= Exercise directions =
Each line below is to be copied exactly; images do not go into the copy.

= Supplied data =

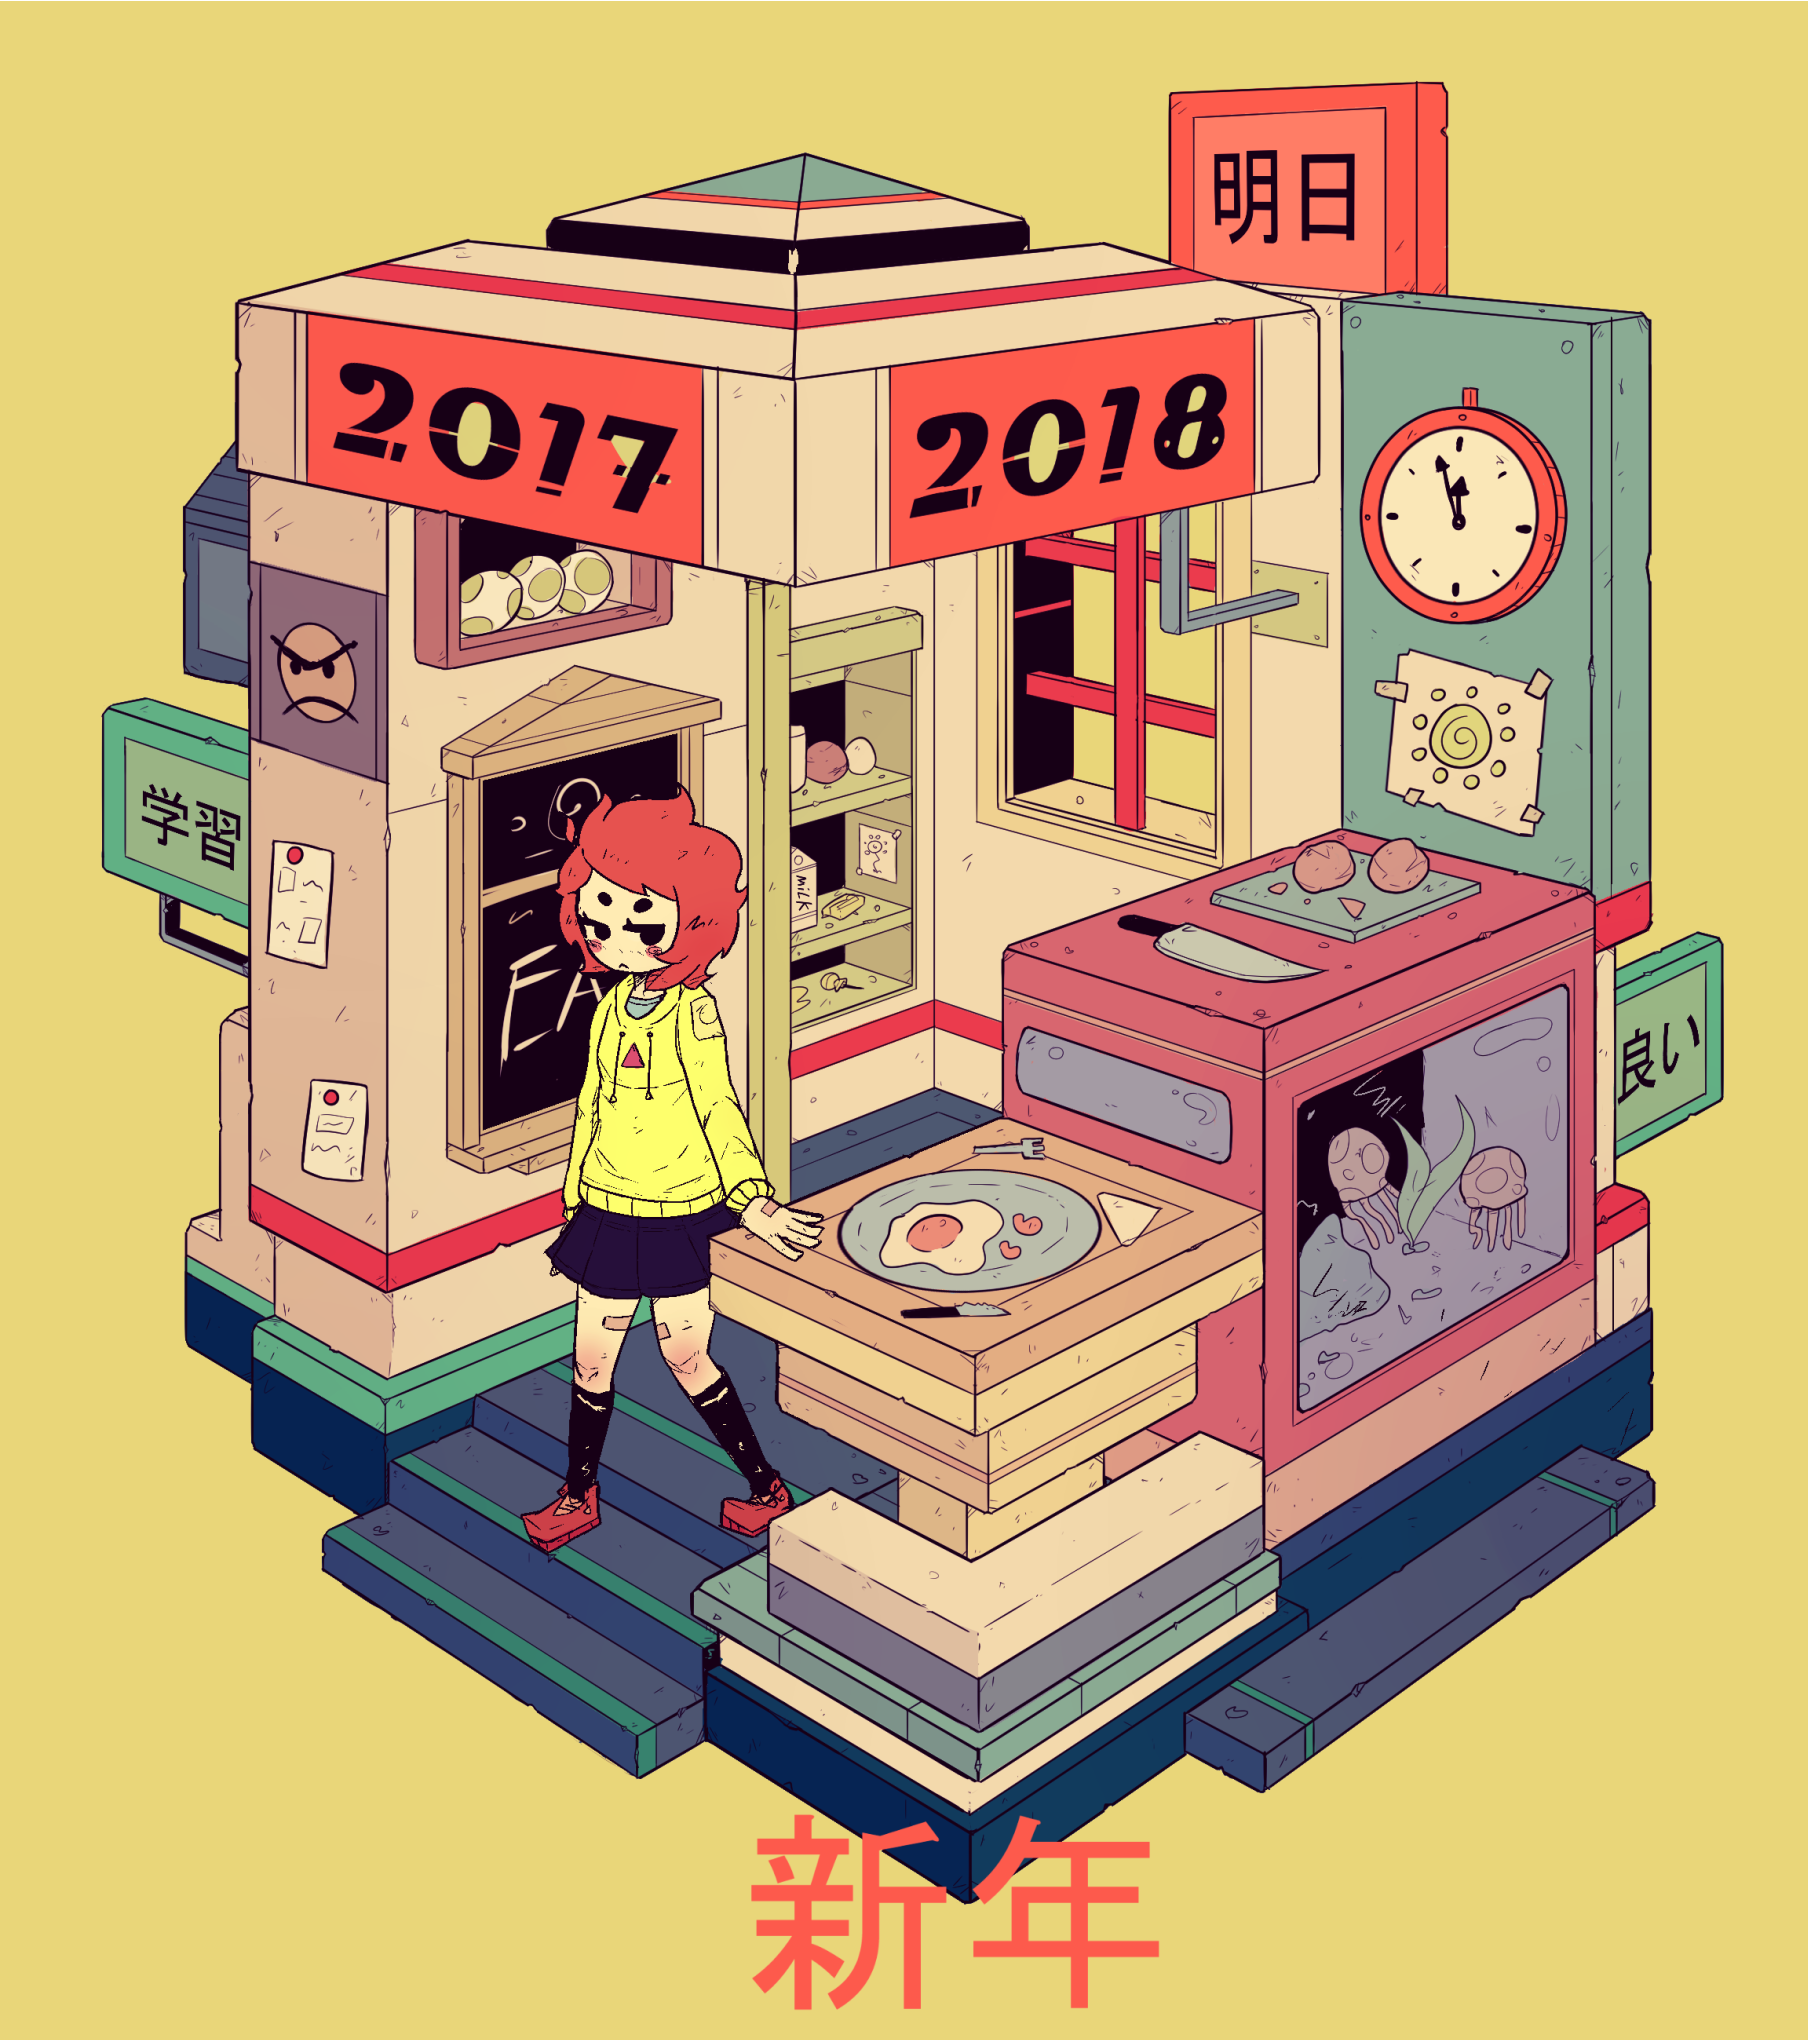 new year's box
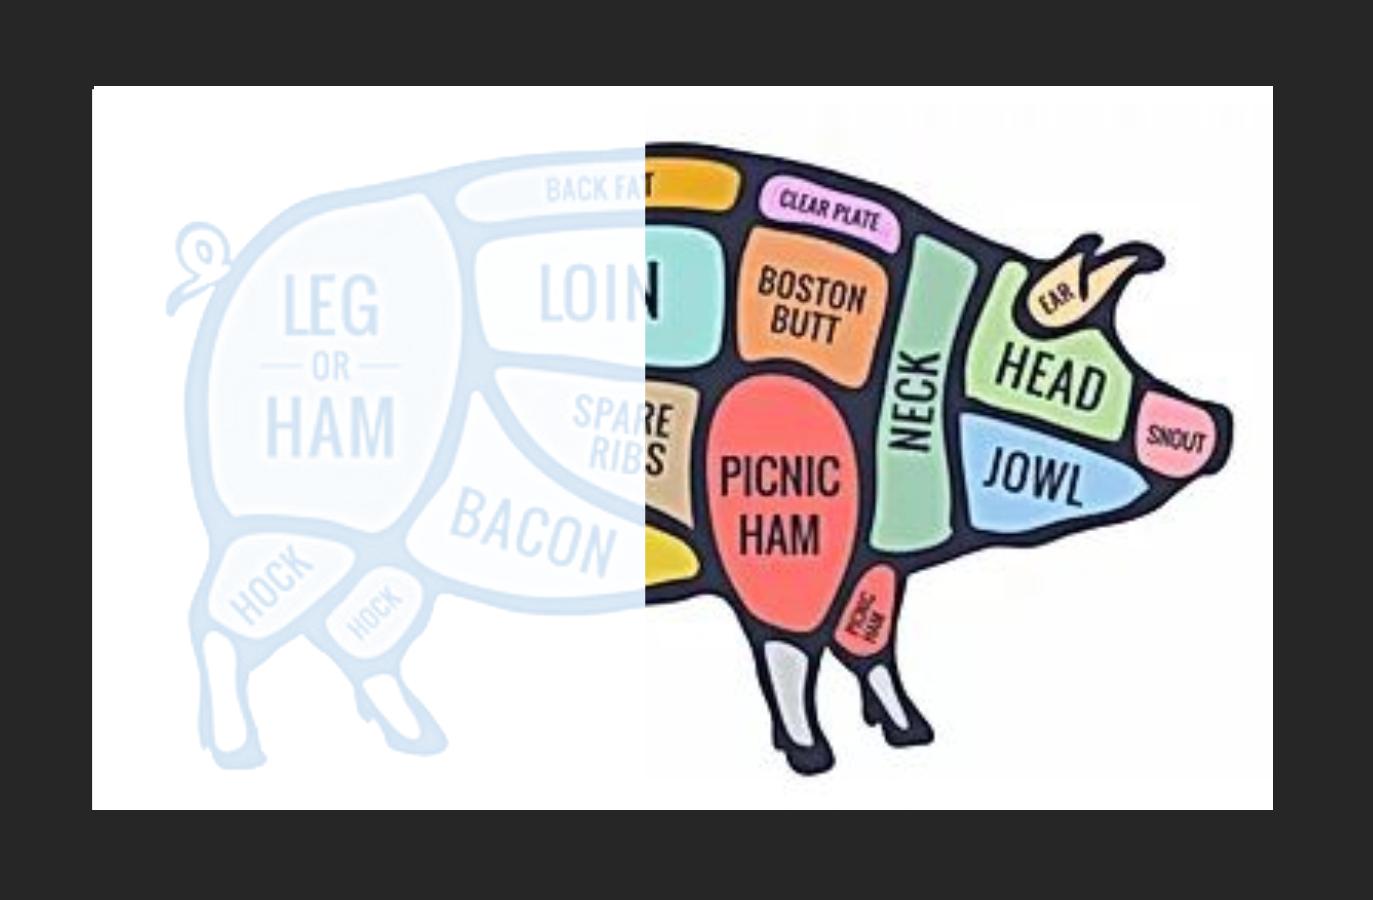 MAR 15-- Half Pig (Pork) Deposit
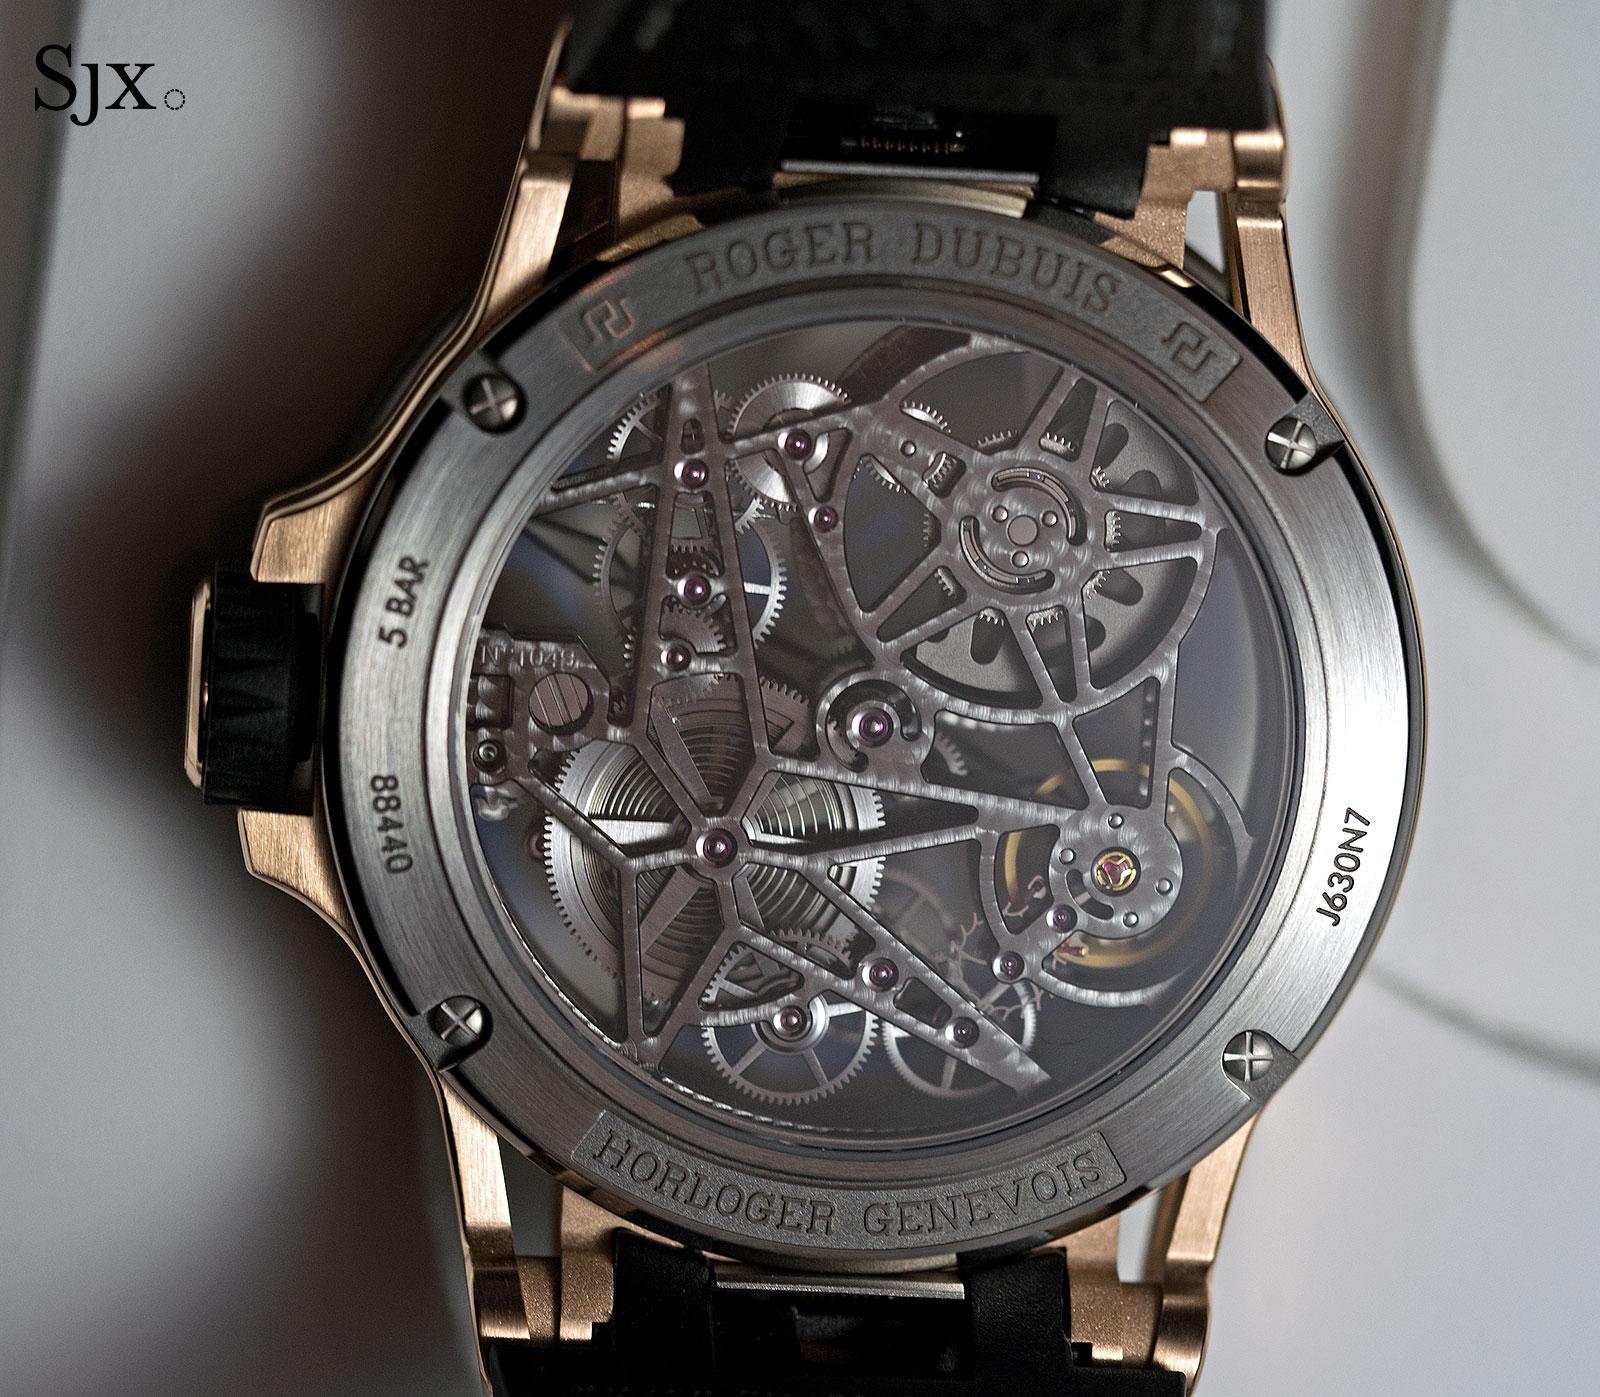 Roger Dubuis Excalibur Spider Automatic Skeleton gold-titanium 4

= Solution =
 new year's box
 MAR 15-- Half Pig (Pork) Deposit
 Roger Dubuis Excalibur Spider Automatic Skeleton gold-titanium 4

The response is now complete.